[What you are asked to do] The line with "Wiley X WX Contend" marks where to begin; print it and all lines after it in the material below exactly, skipping pictures.

[Given material]
══════════════════════════════
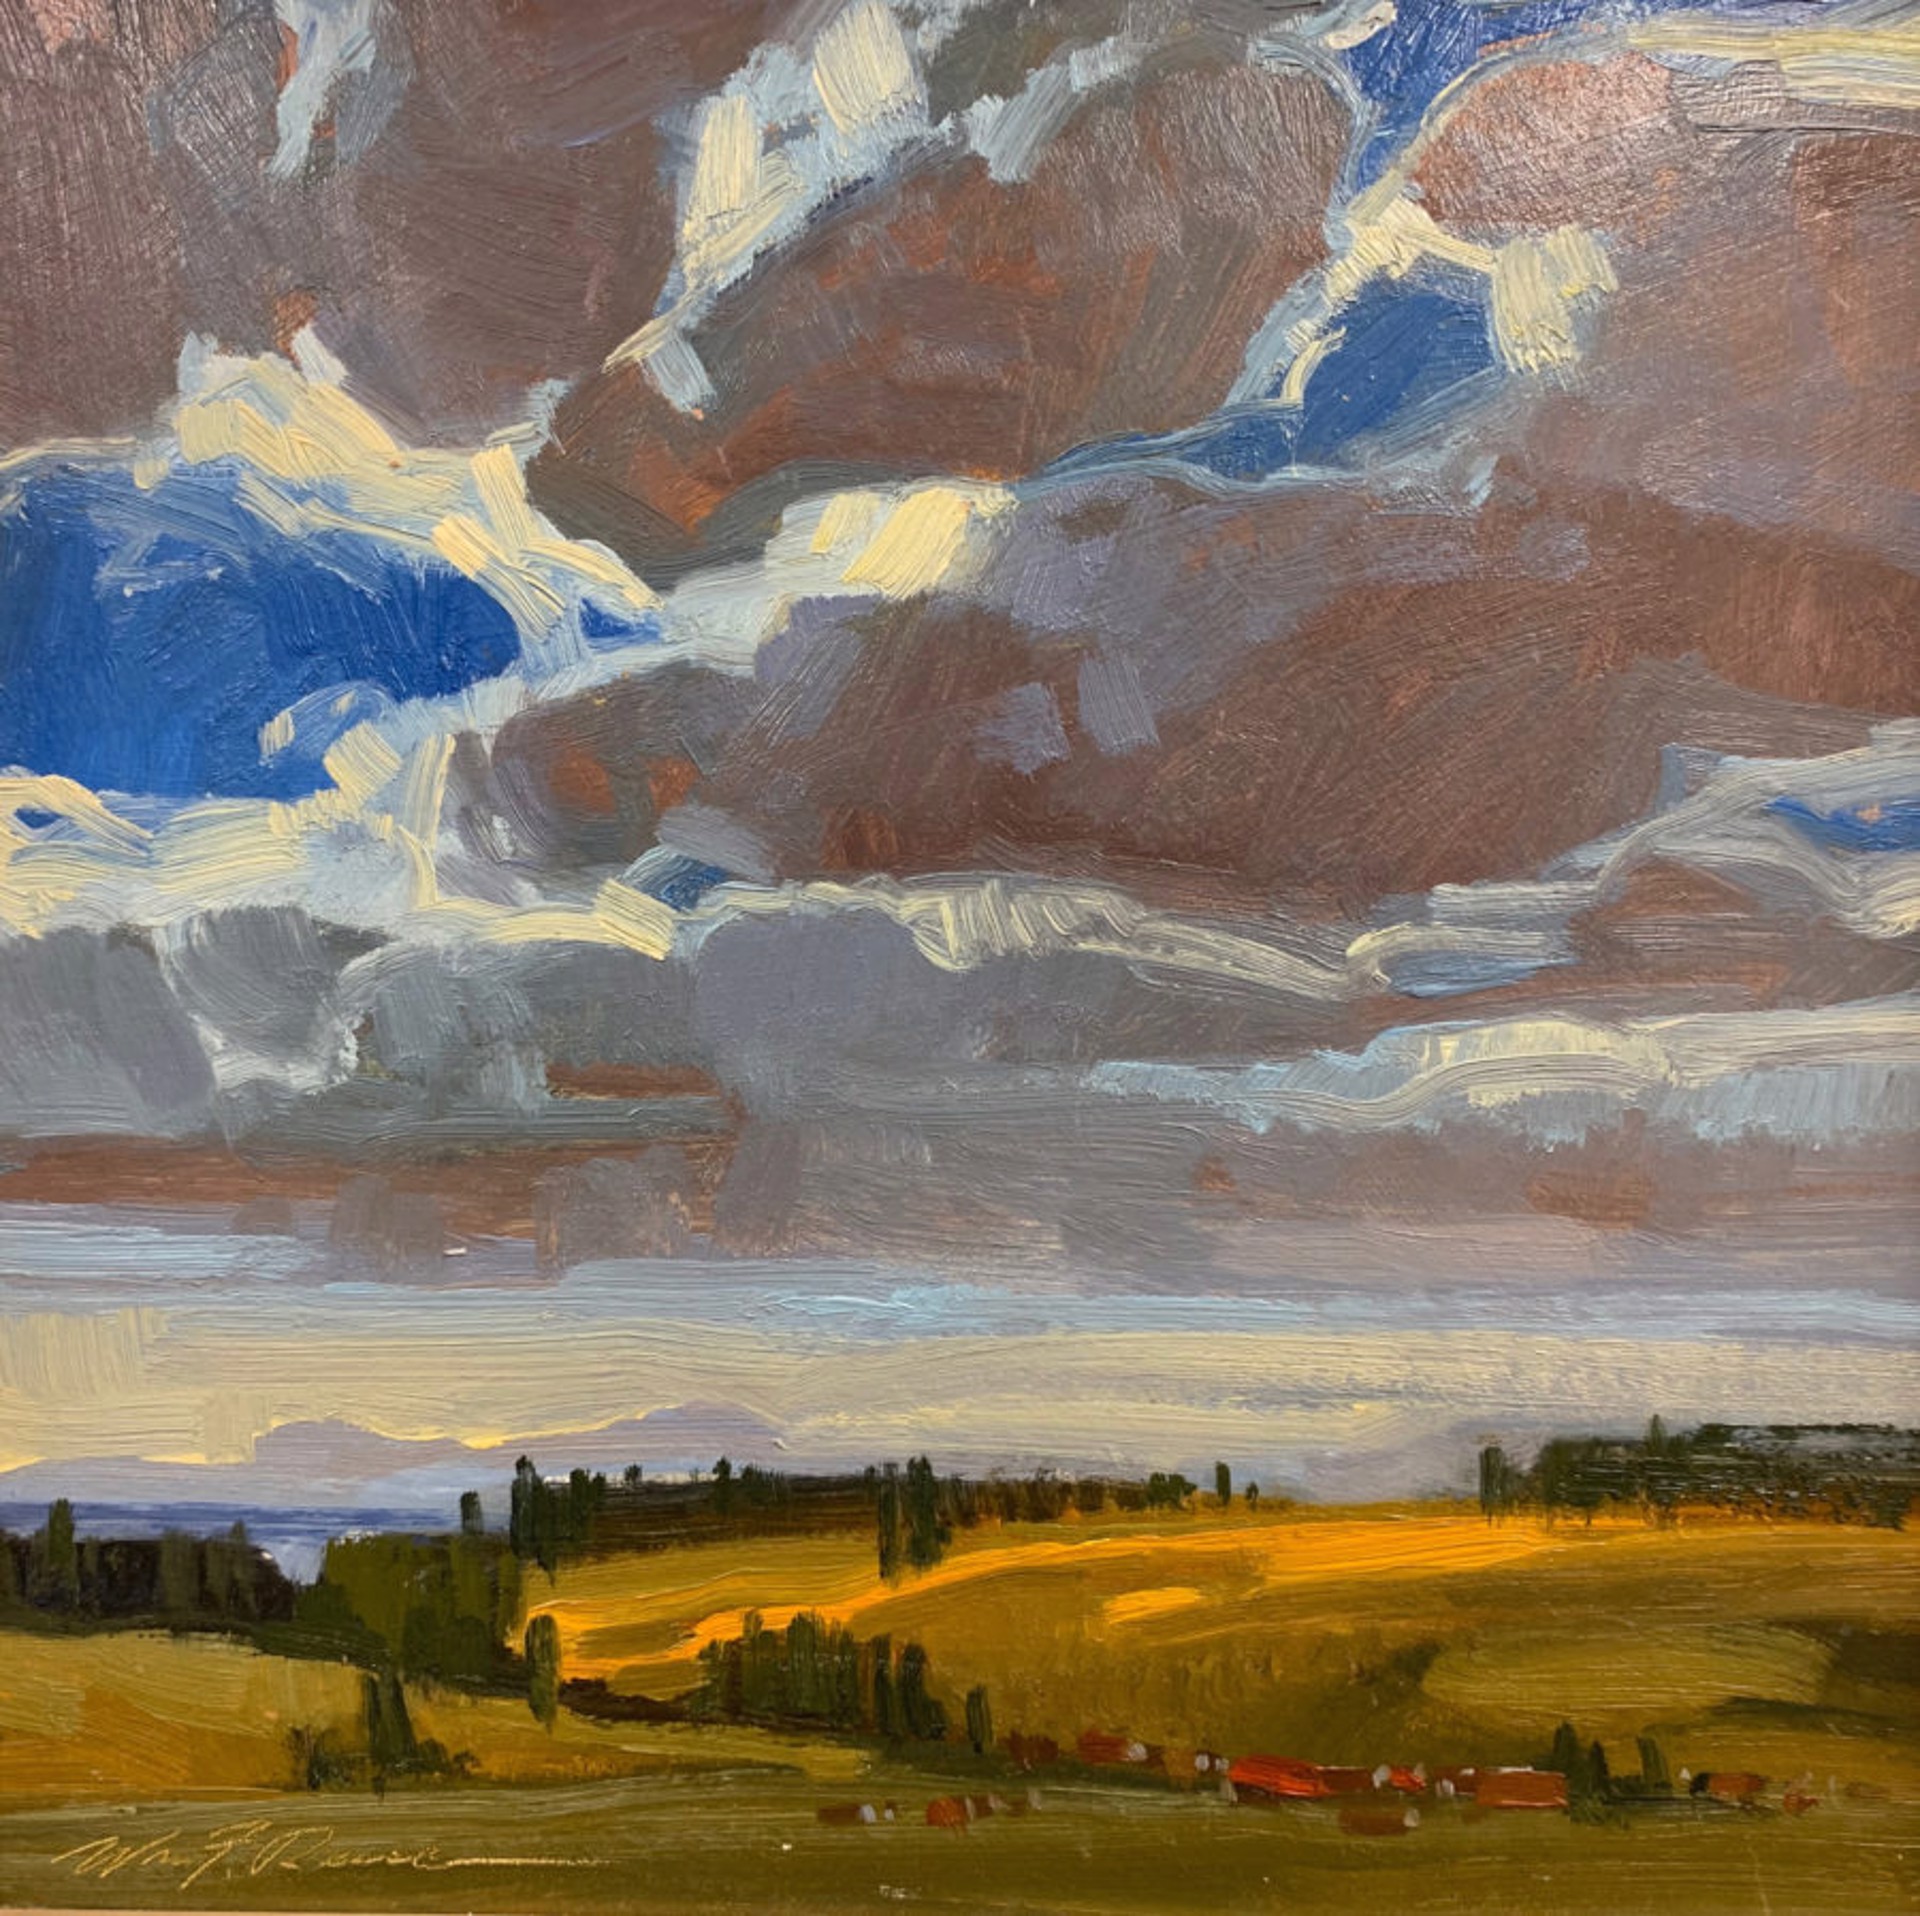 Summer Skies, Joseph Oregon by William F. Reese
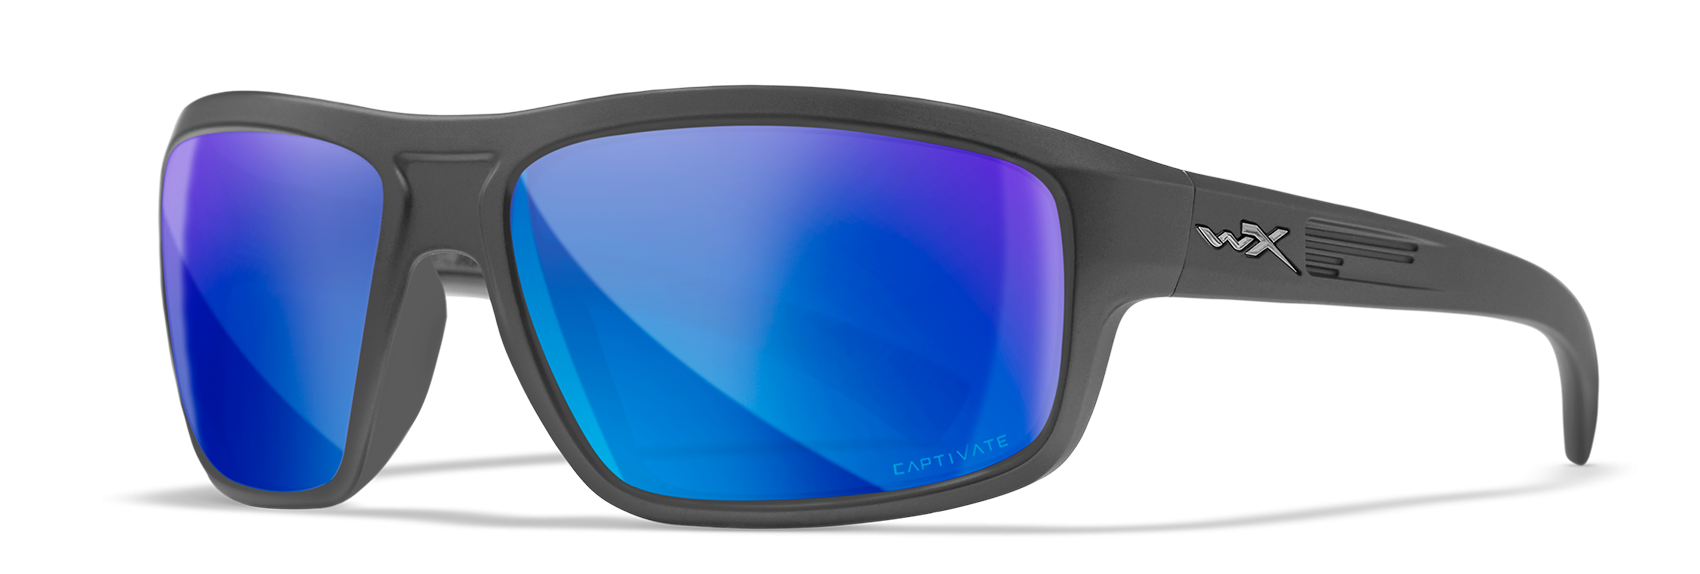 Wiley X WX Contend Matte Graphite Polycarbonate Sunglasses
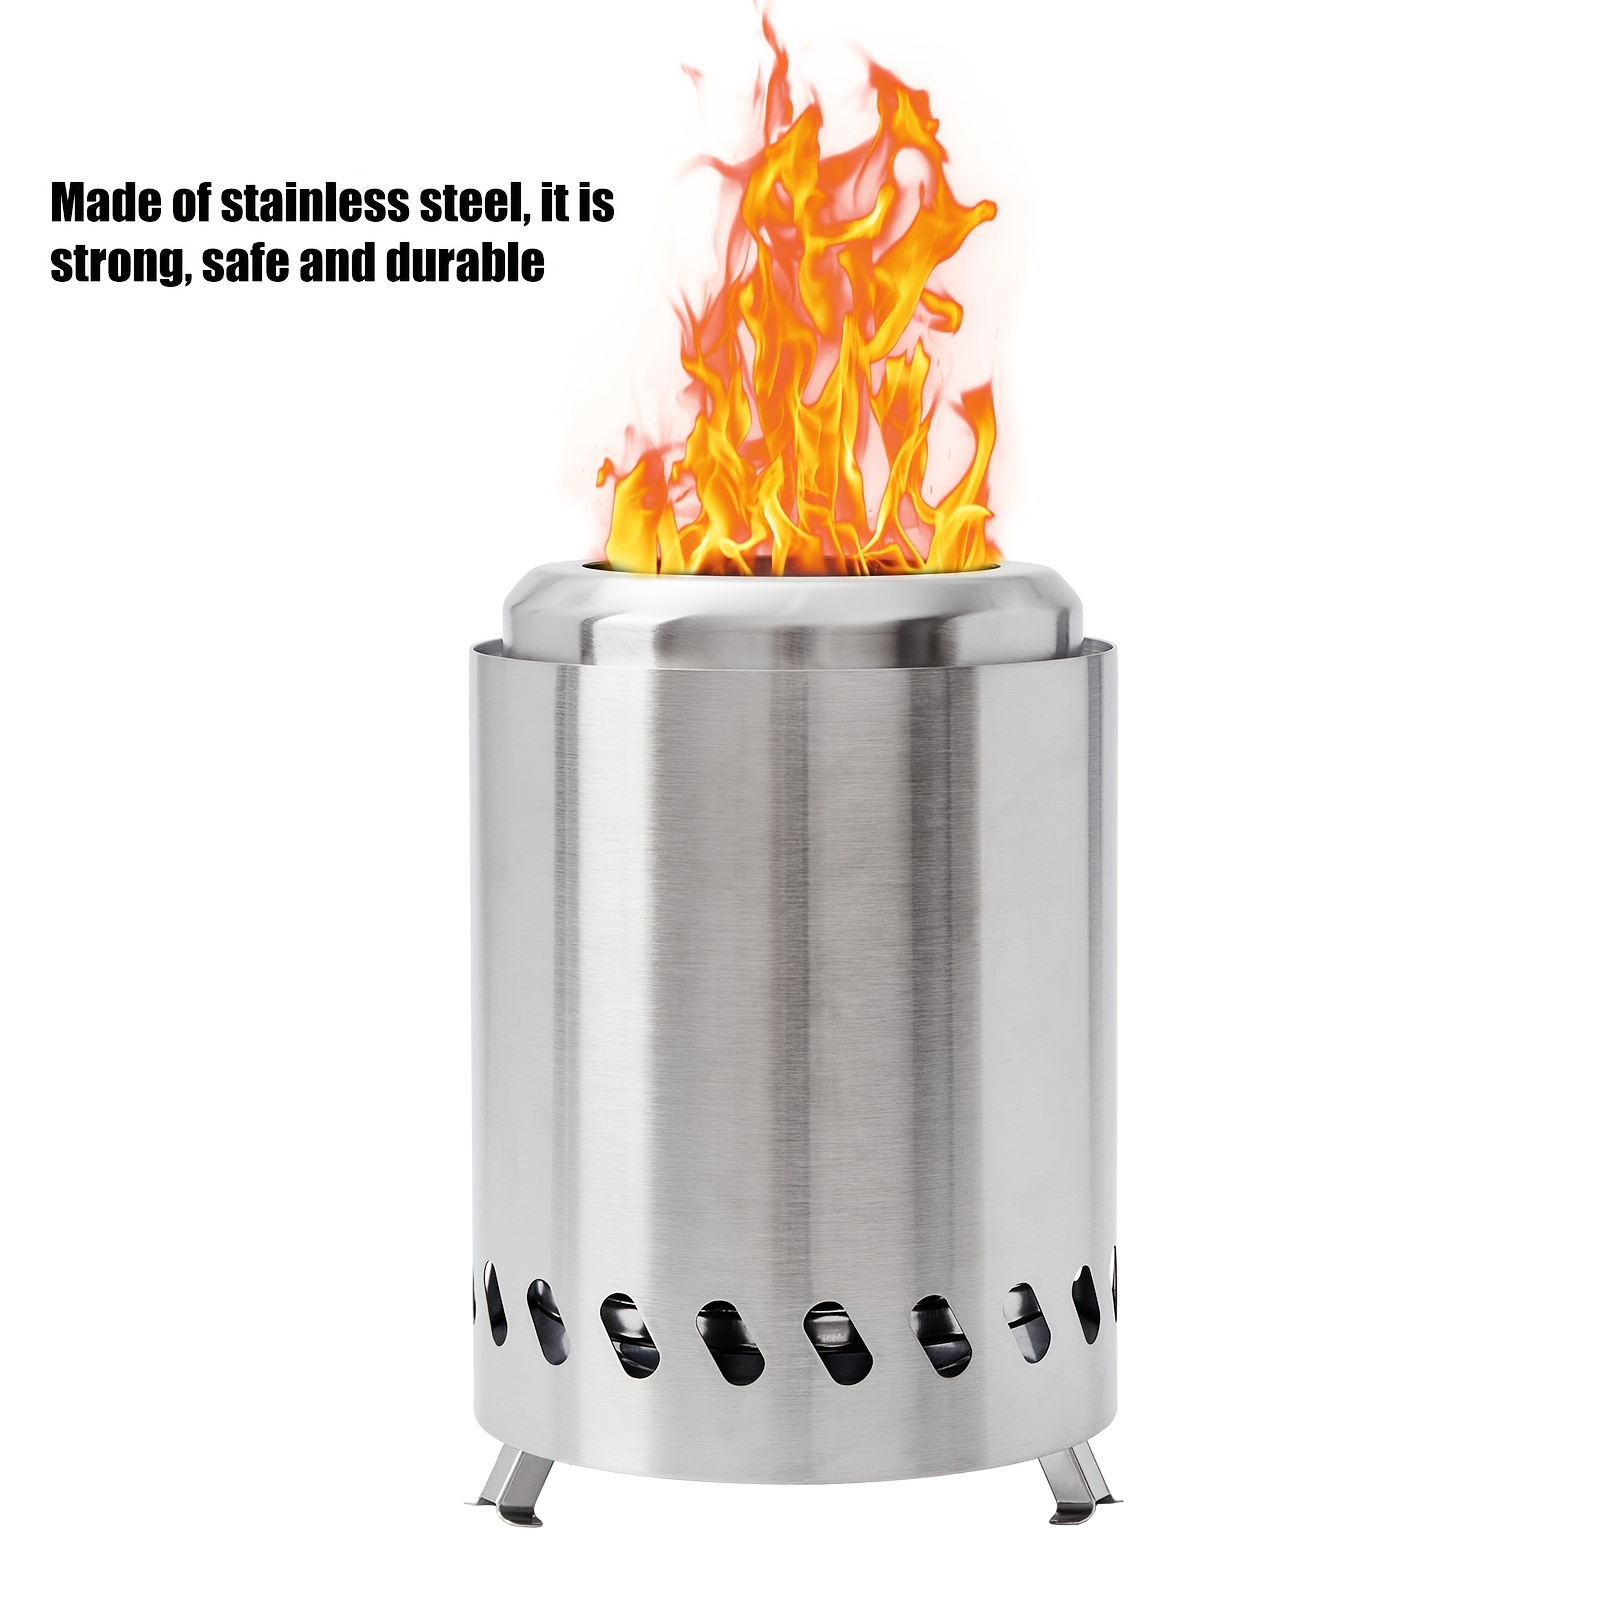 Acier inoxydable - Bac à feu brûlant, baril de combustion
══════════════════════════════
[Exercise result]
 Wiley X WX Contend Matte Graphite Polycarbonate Sunglasses
 Acier inoxydable - Bac à feu brûlant, baril de combustion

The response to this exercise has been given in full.